7. Touch is unique among the five senses 

Answer – E - Because we do not the others to survive 

Explanation: Paragraph C of the Unmasking Skin IELTS Reading Answers provides the answer. The paragraph talks about touch being the most vital source of sensory stimulation. It also mentions that babies can survive and grow without a sense of seeing, hearing, or any other sense. But, those born without proper nerve-ending connections between their skin and brain fail to thrive, some even die. 

8. A substance may feel wet 

Answer – H - Because there is a low temperature and pressure

Explanation: The answer to this is found the Paragraph H of the Reading Passage. This paragraph talks about two wetness experiments, one with a dry metal cylinder that gives the sensation of water. The second was the writer dipping their finger into a glass of cold water with surgical gloves. In each case, the writer felt like their skin was wet when it was not. They concluded that the wet sensation may even occur due to pressure or low temperature; direct contact with water was unnecessary. 

9. Something may tickle 

Answer – D - Because there is light pressure on the skin 

Explanation: Paragraph I offers the answer. In this paragraph, the writer says how different perceptions of pain, temperature, and pressure can manifest in different ways. Then, they go on to give examples.
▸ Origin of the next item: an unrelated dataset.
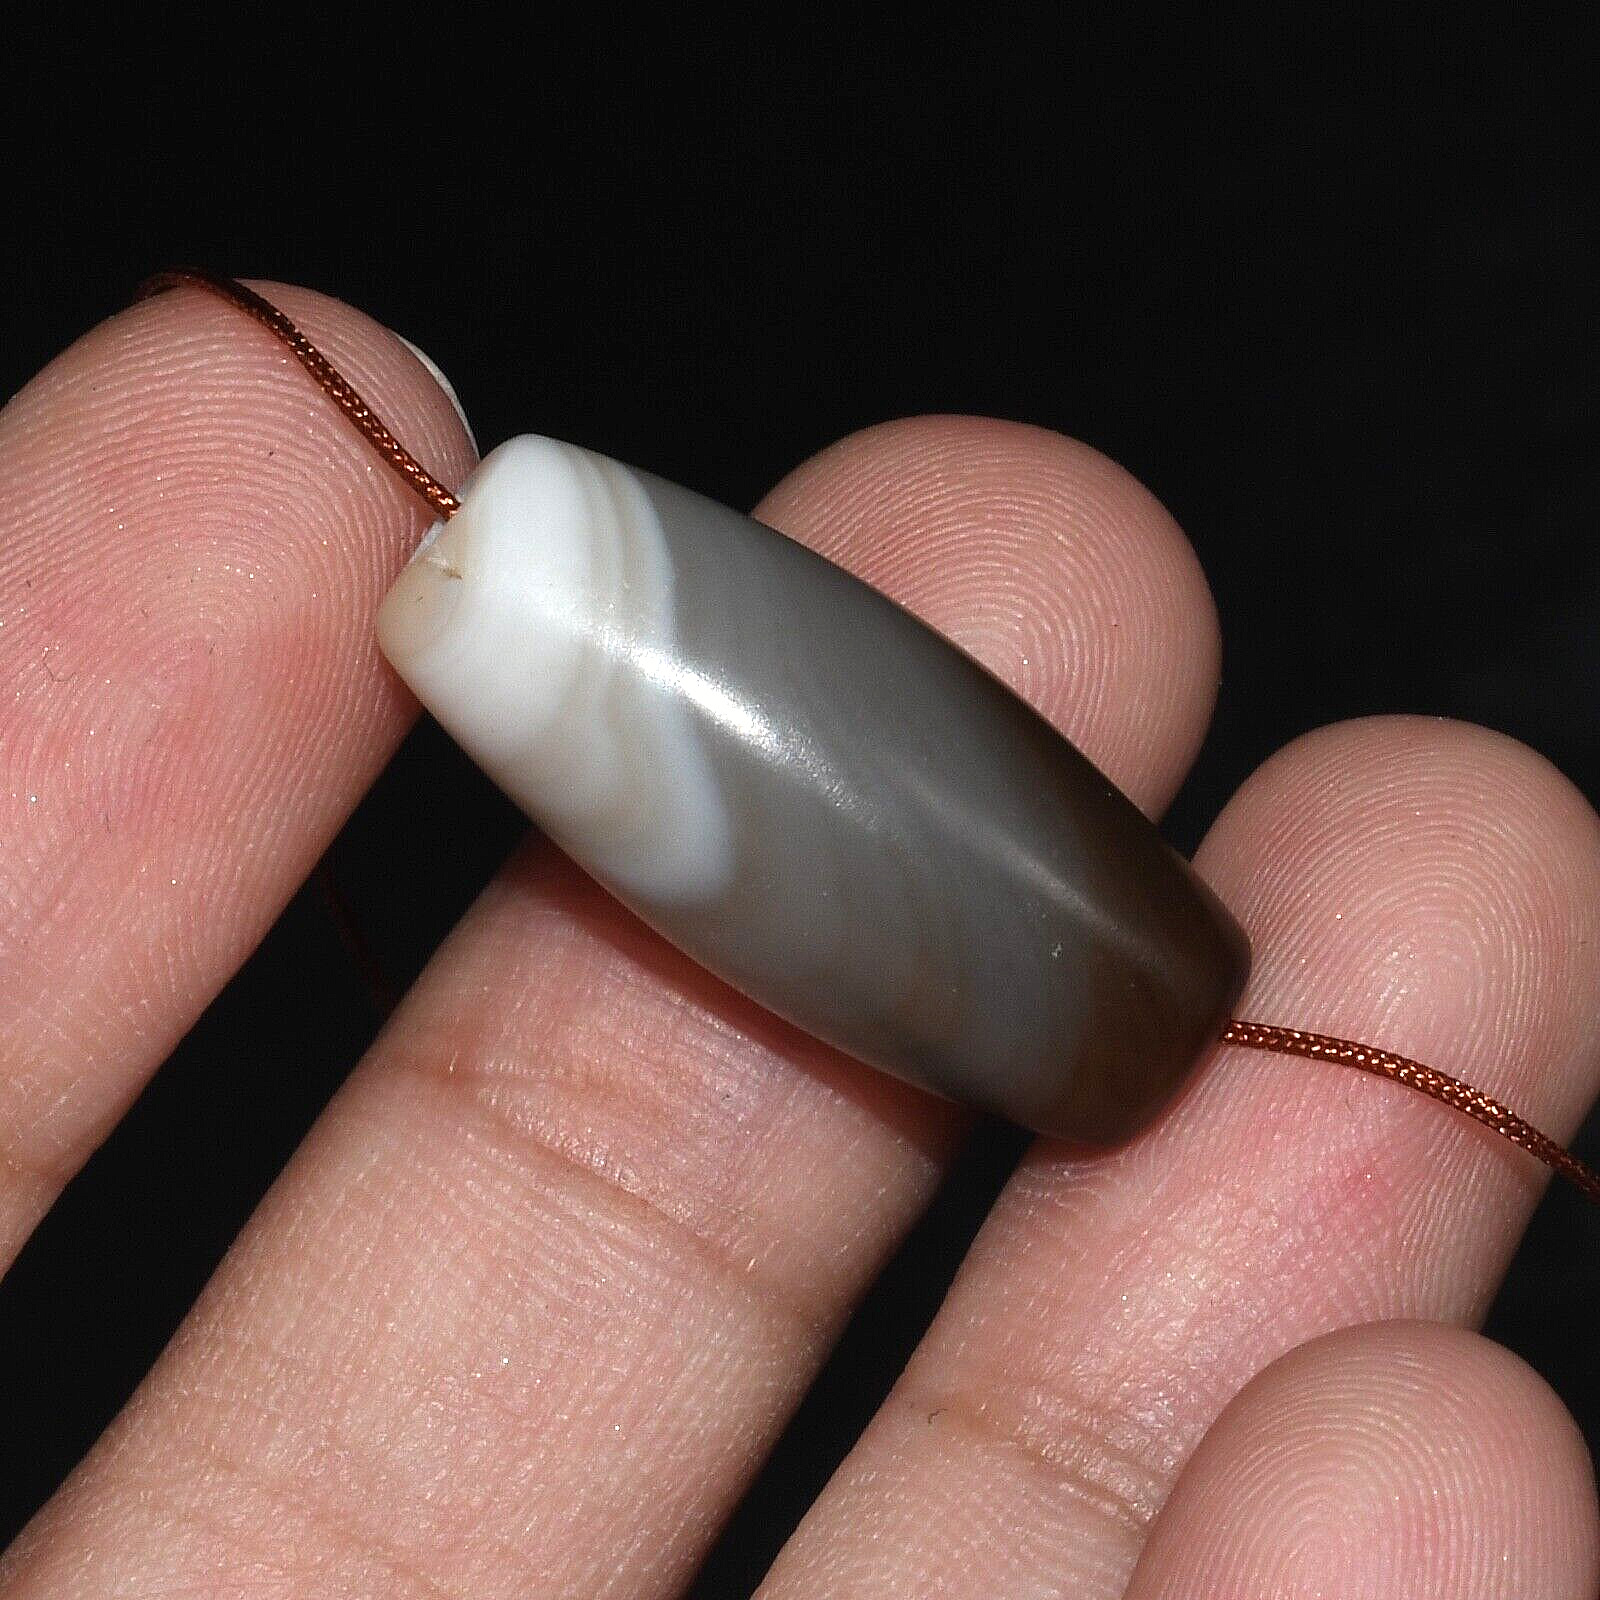 Authentic Ancient Near Eastern Banded Agate Stone Bead over 1200 Years Old

The first example talks about gentle pressure on the skin, which imparts a sensation of ticklishness. 

10. The skin may itch 

Answer – G - Because of a small amount of pain

Explanation: The writer talks about this in Paragraph J of the Reading Passage. They talk about an incident when they nicked themselves with a knife while slicing fruit. The aftermath was a crusty scab left by a quarter-of-an-inch-long wound in the right palm. Because epidermal skin cells are migrating beneath the wound, it is closing up and healing. The crusty scab being talked about is usually itchy as the process of skin repair begins almost immediately. 

11. A small cut heals up quickly 

Answer – B - Because the outer layer of skin can mend itself 

Explanation: This answer is again found in Paragraph J of the Unmasking Skin IELTS Reading Answers. In this paragraph, the writer talks about a small knife-cut developing while slicing fruit. They then talk about how a crusty scab surrounded by pink tissue has developed in place of the wound. The explanation for this is given in the following line, which says that new epidermal cells (outermost layer) are migrating into the wound to heal it quickly. The writer concludes that the scab will fall off when the self-repair process is complete. 

Questions 12-14 

Do the following statements agree with the information given in Reading Passage 107?
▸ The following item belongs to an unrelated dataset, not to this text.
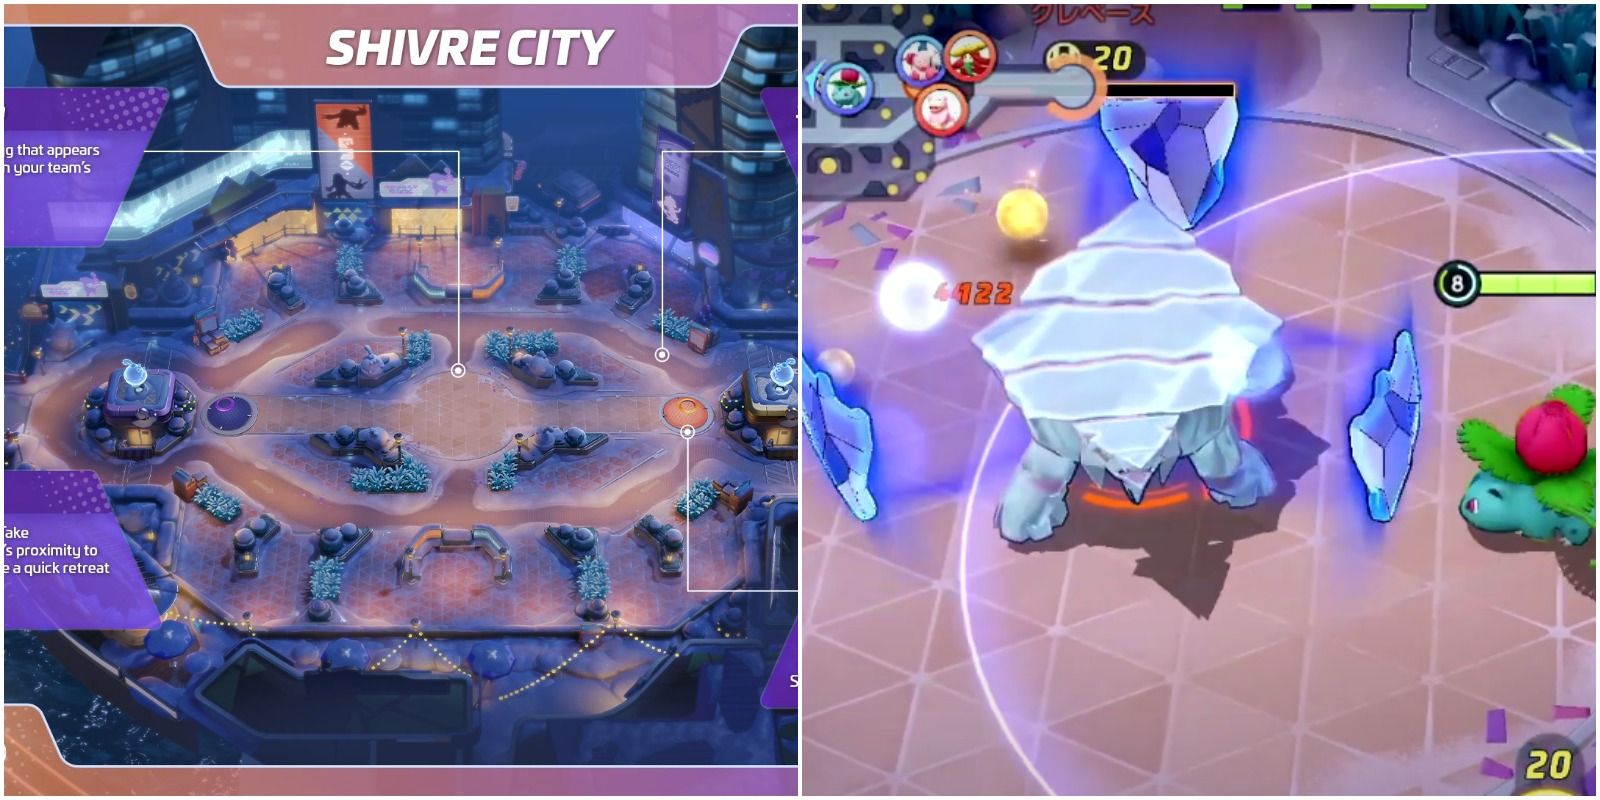 crop of the shivre city map and avalugg in battle.

In boxes 12-14 on your answer sheet, write –

TRUE – If the statement agrees with the information 

FALSE – If the statement contradicts the information 

NOT GIVEN – If there is no information on this 

12. Even scientists need help understanding how our sense of touch works.

Answer – TRUE 

Explanation: As per Paragraph C of the Unmasking Skin IELTS Reading Answers, we understand that despite knowing familiar characteristics or features of the skin, the mysteries of touch are profound. Even scientists are puzzled at how touch (of all our senses) is necessary for survival, without which man may not survive, let alone thrive. 

13. The skin is more sensitive to pressure than to temperature or pain. 

Answer – NOT GIVEN

Explanation: Paragraph G talks about the three basic things we perceive through the skin – pain, pressure, and temperature. Then, the same paragraph and one following talk about experiments that prove this to be true. However, nowhere in the entire Reading Passage is there any mention of the skin being more sensitive to pressure than pain or temperature. 

14. The human skin is always good at repairing itself. 

Answer – FALSE 

Explanation: This answer may be found in Paragraph J of the Unmasking Skin Reading Answers. In this paragraph, the writer talks about the skin repairing itself for minor cuts and burns. This happens immediately after a wound occurs as new epidermal skin cells migrate toward the skin to close it up and heal. However, the writer also mentions towards the end that this is not the case with severe burns, wherein the skin is not able to repair itself.